By: - Legal - May 1, 2011
enfranchisement

Before the commencement of any procedures relating to enfranchisement, arrangements for available finances should be put in place and the participating parties must all be made aware, that in the even of a withdrawal, the parties will be responsible for payment of their own and the costs of the landlord.

Although it is not a legal requirement, it is recommended that a formal valuation is carried out, in order for there to be awareness of the potential value of the property. There is no stated right of collective enfranchisement however, the right of enfranchisement, can only be pursued by way of an (RTE) or “Right to Enfranchise Company”.

The number of leaseholders needed for a successful action, must comprise a minimum of fifty percent. By example, a building, consisting of fourteen flats means that seven qualified leaseholders must be participants. However, in the advent of there being only two flats in the building, then both leaseholders must participate.

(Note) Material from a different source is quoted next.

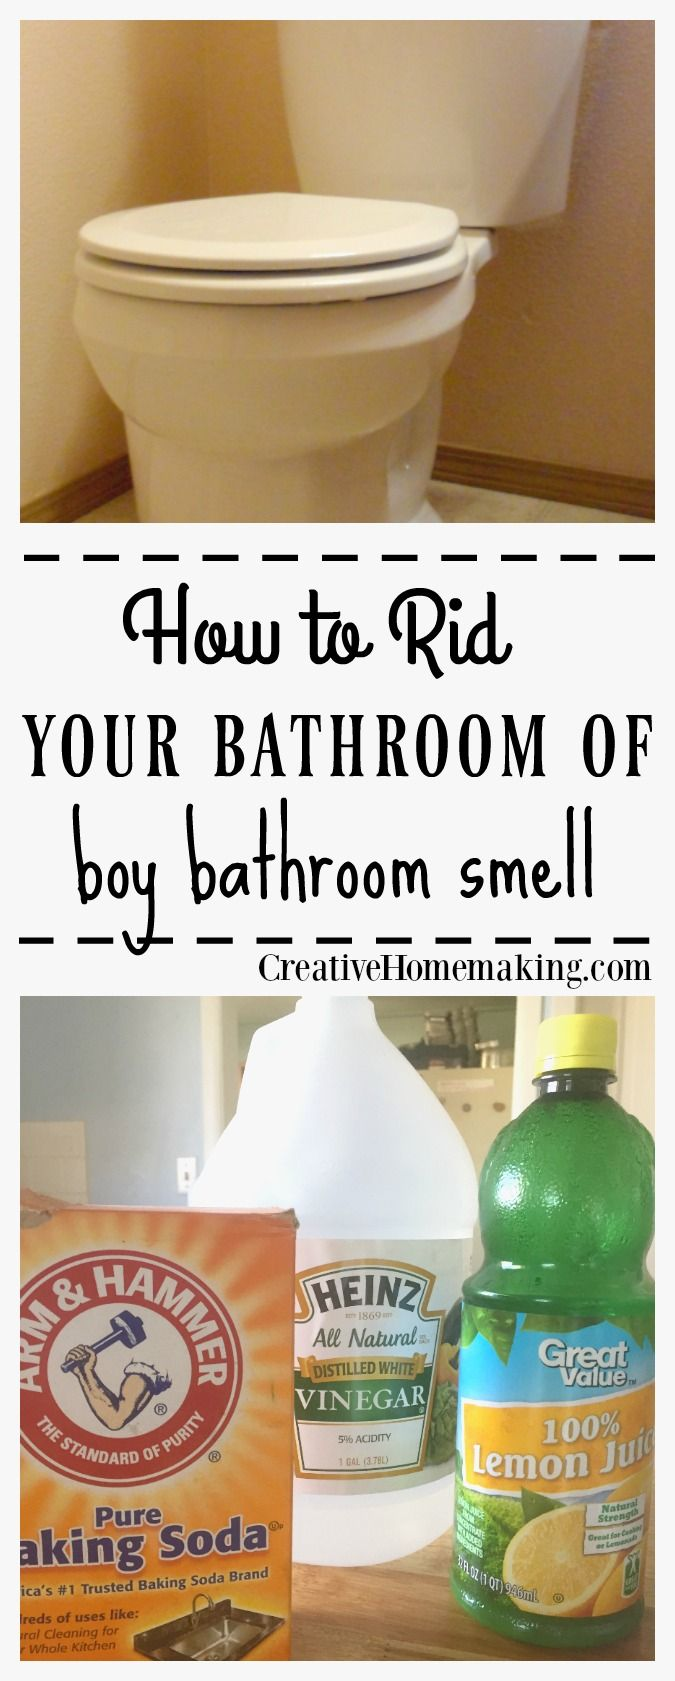 Easy DIY tip for ridding your bathroom of the dreaded 'boy bathroom smell'.
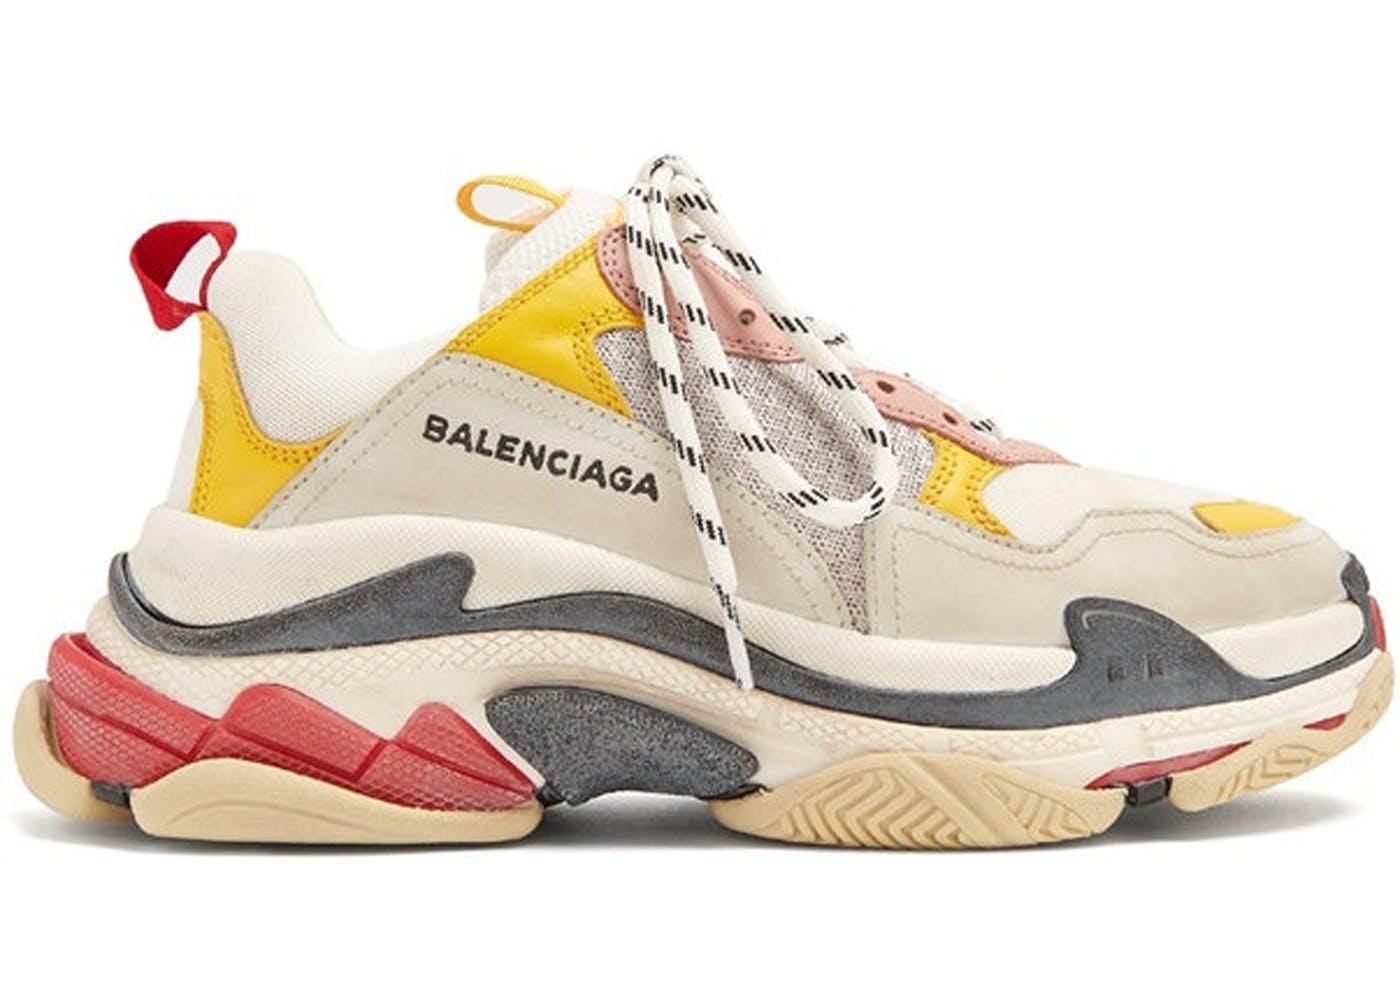 Balenciaga Triple S Cream Yellow Red(バレンシアガトリプルソールクリームイエローレッド) クリーム/イエロー-レッド

An important aspect to consider before proceeding with any enfranchisement action is whether the building in question complies with the required conditions and that there are sufficient qualifying leaseholders to enable the process. The internal floor area of the property must not exceed 25% utilised as “non-residential” space. Furthermore, a minimum of two thirds of the existing flats, must be let to leaseholders who qualify

Until the commencement of the specified Act, any purchase must be conducted by using a Nominee Purchaser. This is a person designated in the Initial Notice to the freeholder who will acquire the title to the premises and become the new owner, or landlord. Because of the term “Transitional Arrangements” this designated person may be a lessee or a representative for a type of Management Company, owned by one or several the lessees.

While collective enfranchisement is not recognized as a right, a lease is renewable under certain conditions. For a property to qualify for collective enfranchisement it must be a conversion of four or fewer flats and not a designated block built for a specific purpose. In addition, the same person should have held ownership to the freehold right, prior to the conversion of the building into flats.

Furthermore, this said person or an adult member of his family, have resided in the said building for at least the last twelve months. Another consideration is whether the freehold includes the track for an operating railway system, a bridge, tunnel or a retaining wall for the track of a railway.